• [WHAT TO DO]: Under this line sits a listing. Repeat exactly and only its lines from the one holding "Luxemburg - Clerf" through the one holding "UCI MTB World"; skip pictures.

• [SUPPLIED DATA]:
━━━━━━━━━━━━━━━━

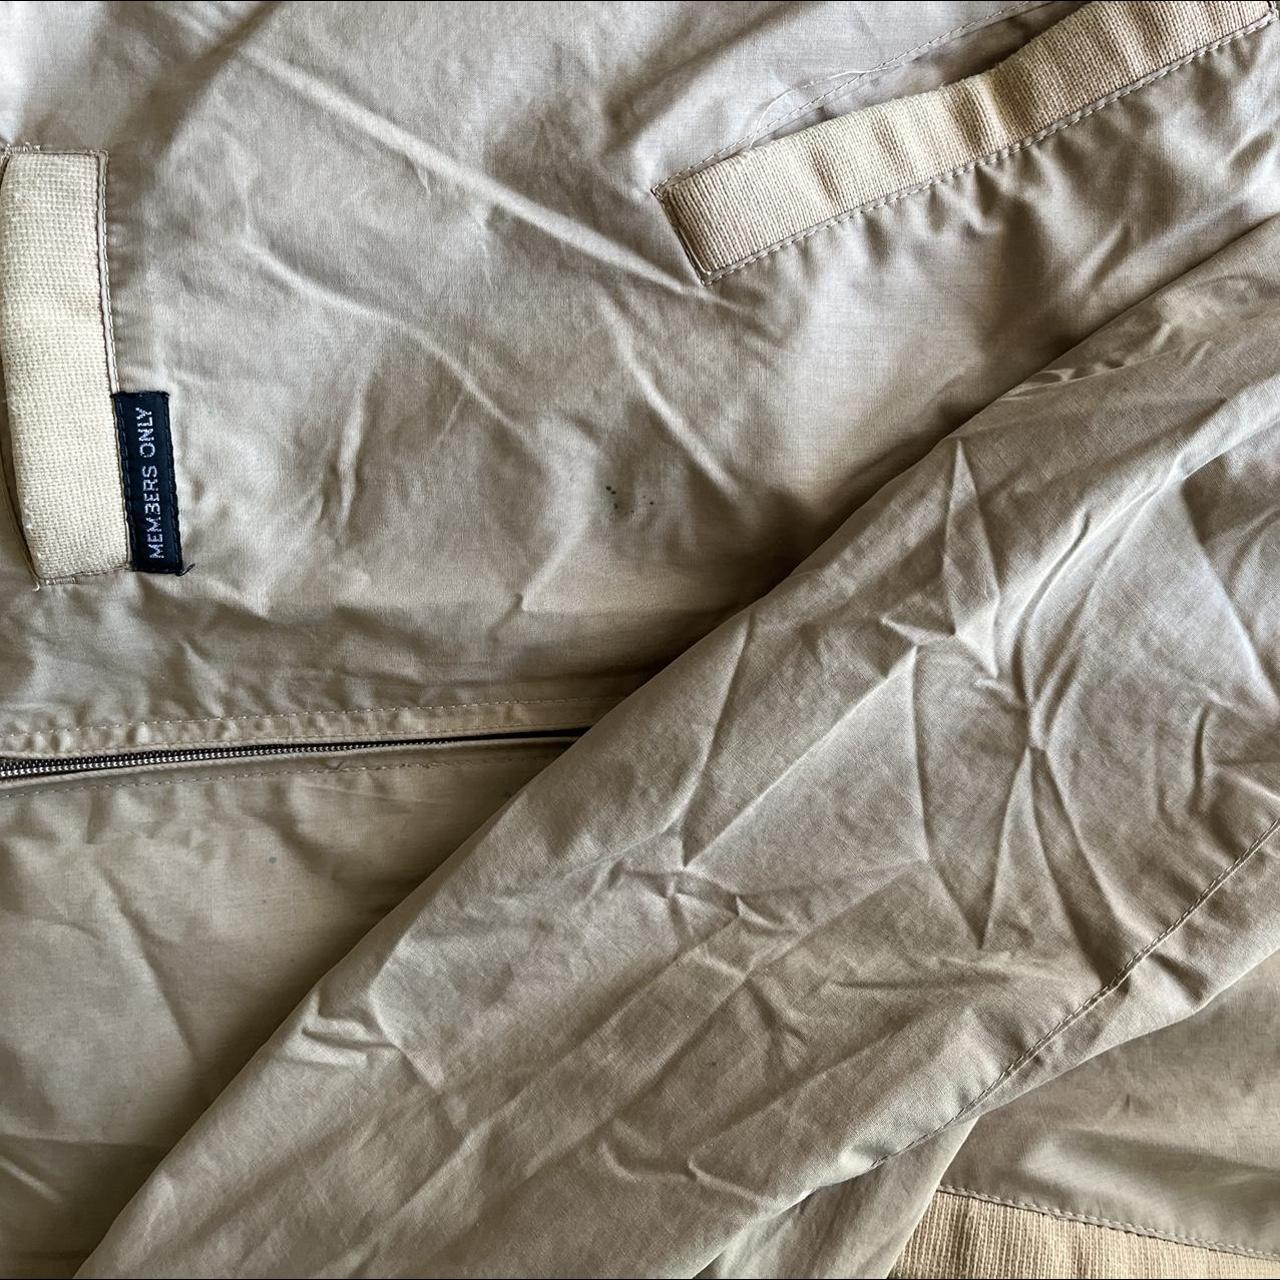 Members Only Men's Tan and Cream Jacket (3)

━━━━━━━━━━━━━━━━

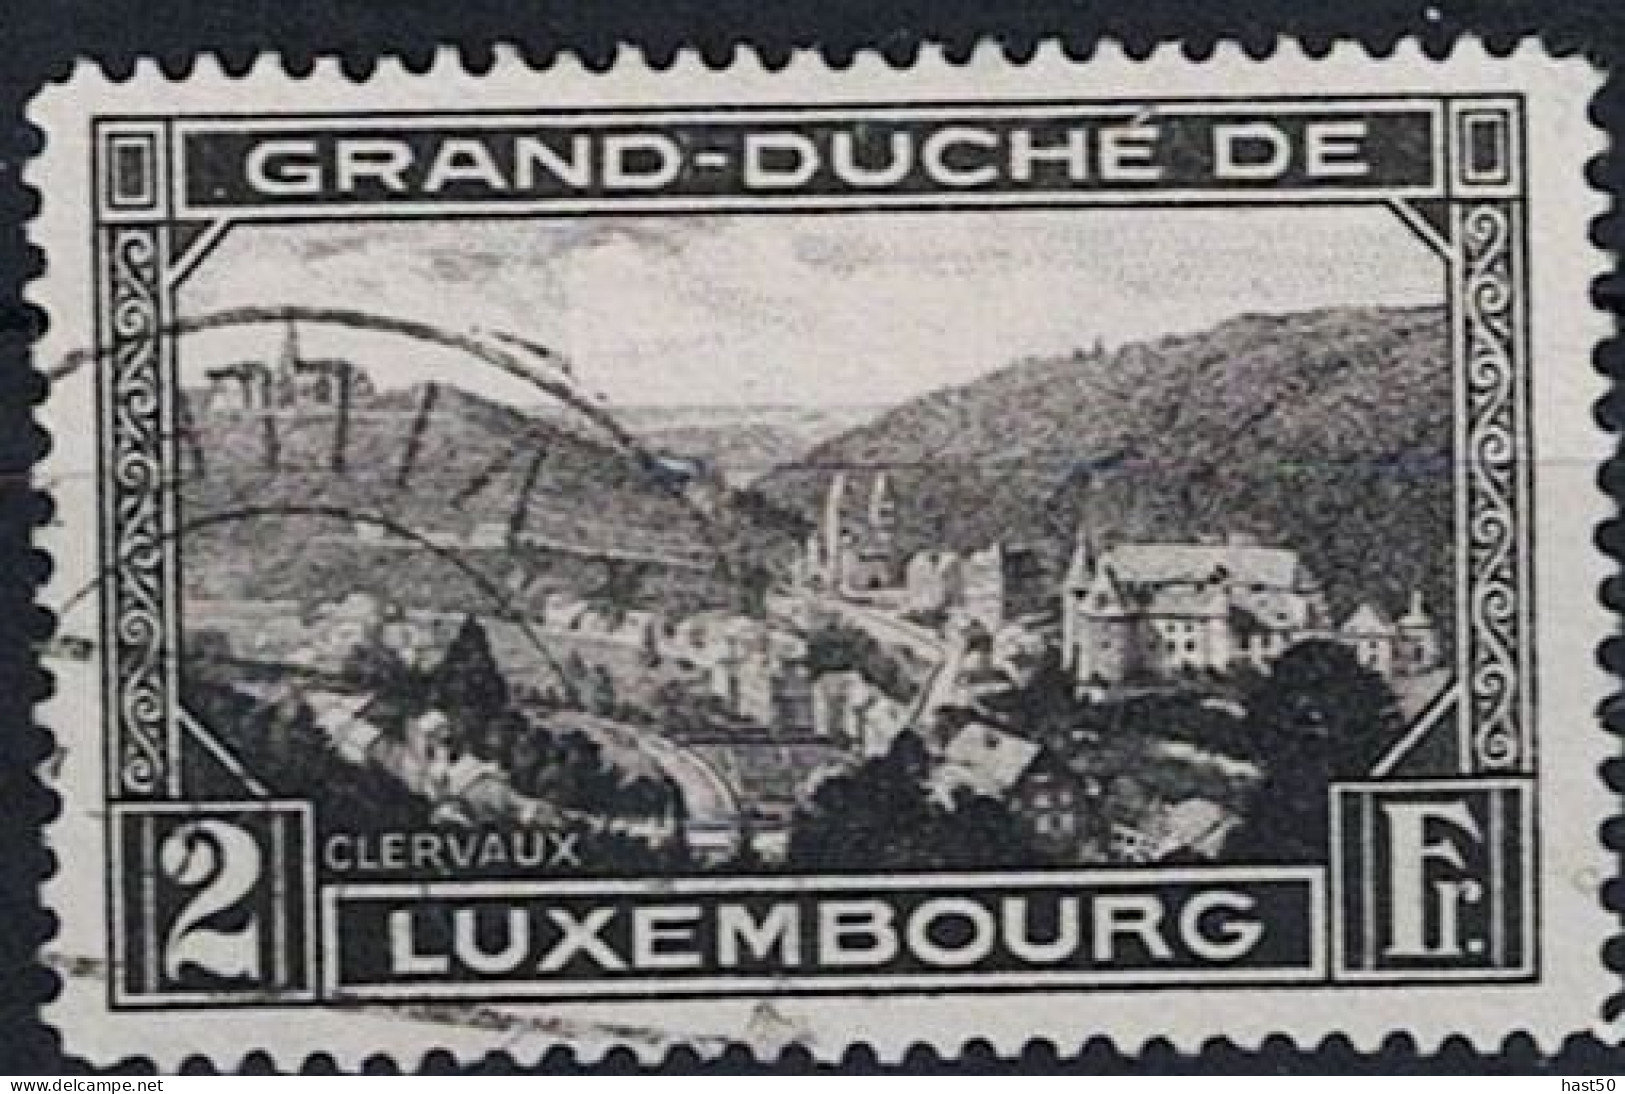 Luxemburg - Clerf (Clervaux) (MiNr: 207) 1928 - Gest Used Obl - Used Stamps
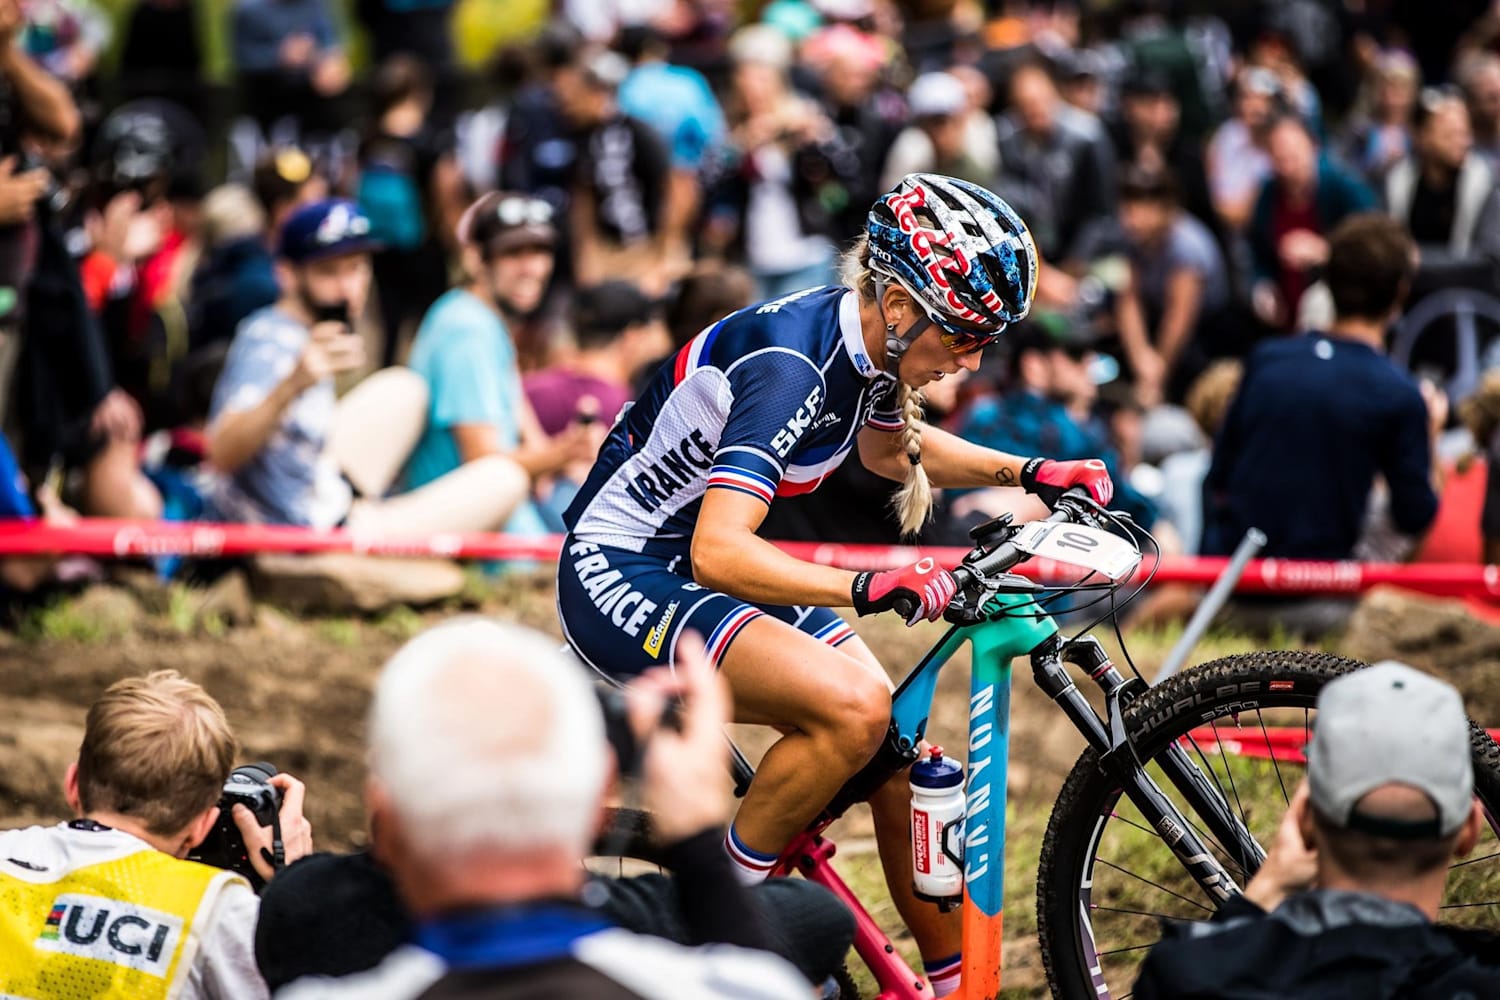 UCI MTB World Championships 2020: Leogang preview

━━━━━━━━━━━━━━━━

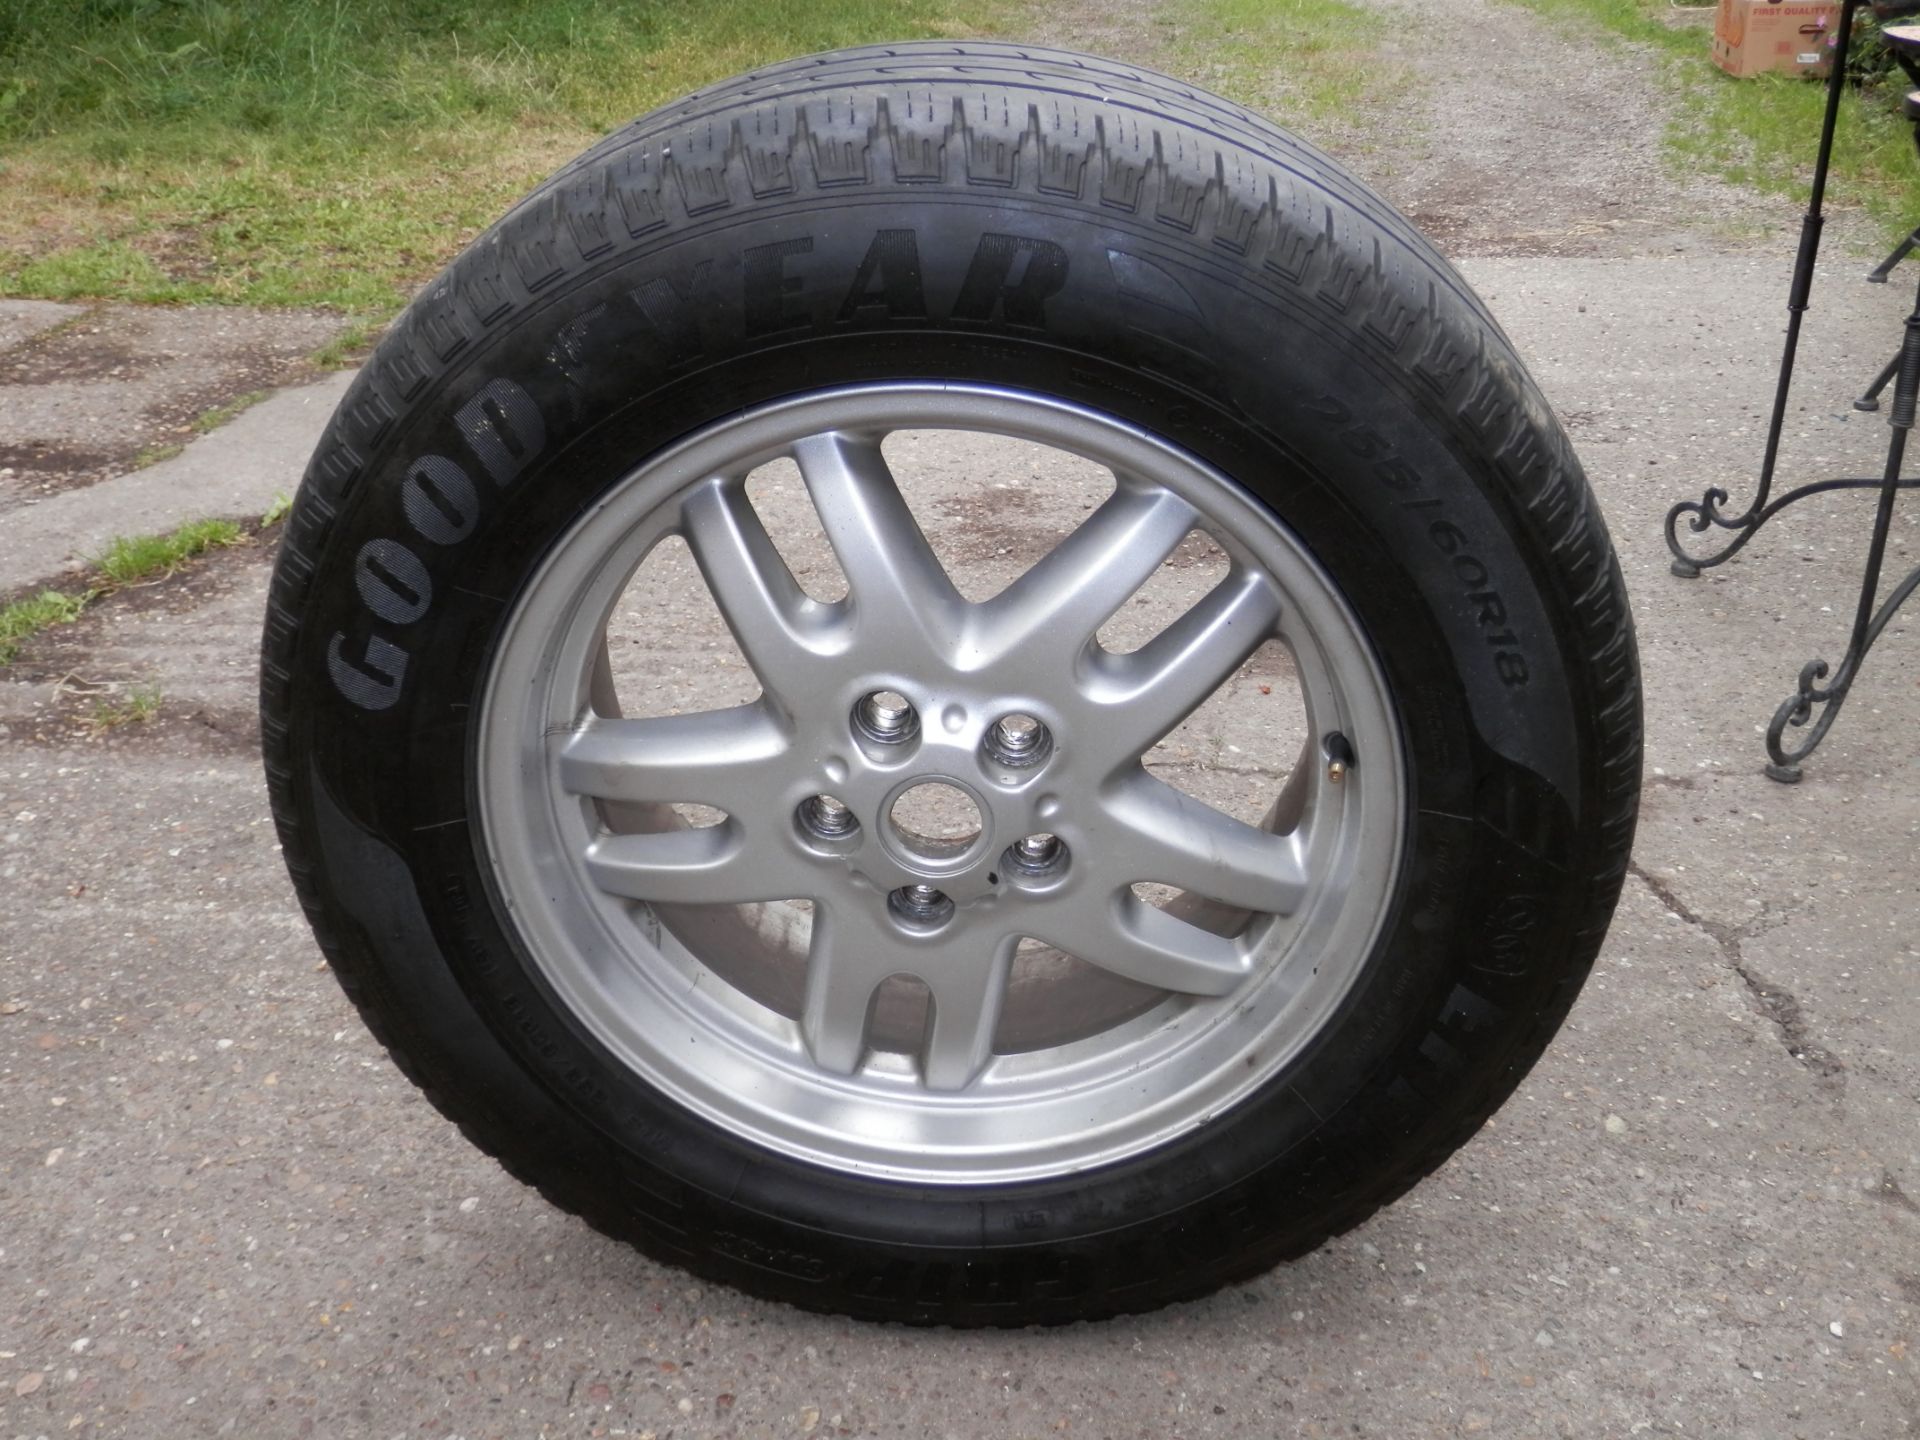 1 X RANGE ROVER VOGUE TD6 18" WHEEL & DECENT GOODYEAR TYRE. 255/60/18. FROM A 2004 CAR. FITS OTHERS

━━━━━━━━━━━━━━━━

• [SOLUTION TO THIS EXERCISE]:
 Luxemburg - Clerf (Clervaux) (MiNr: 207) 1928 - Gest Used Obl - Used Stamps
 UCI MTB World Championships 2020: Leogang preview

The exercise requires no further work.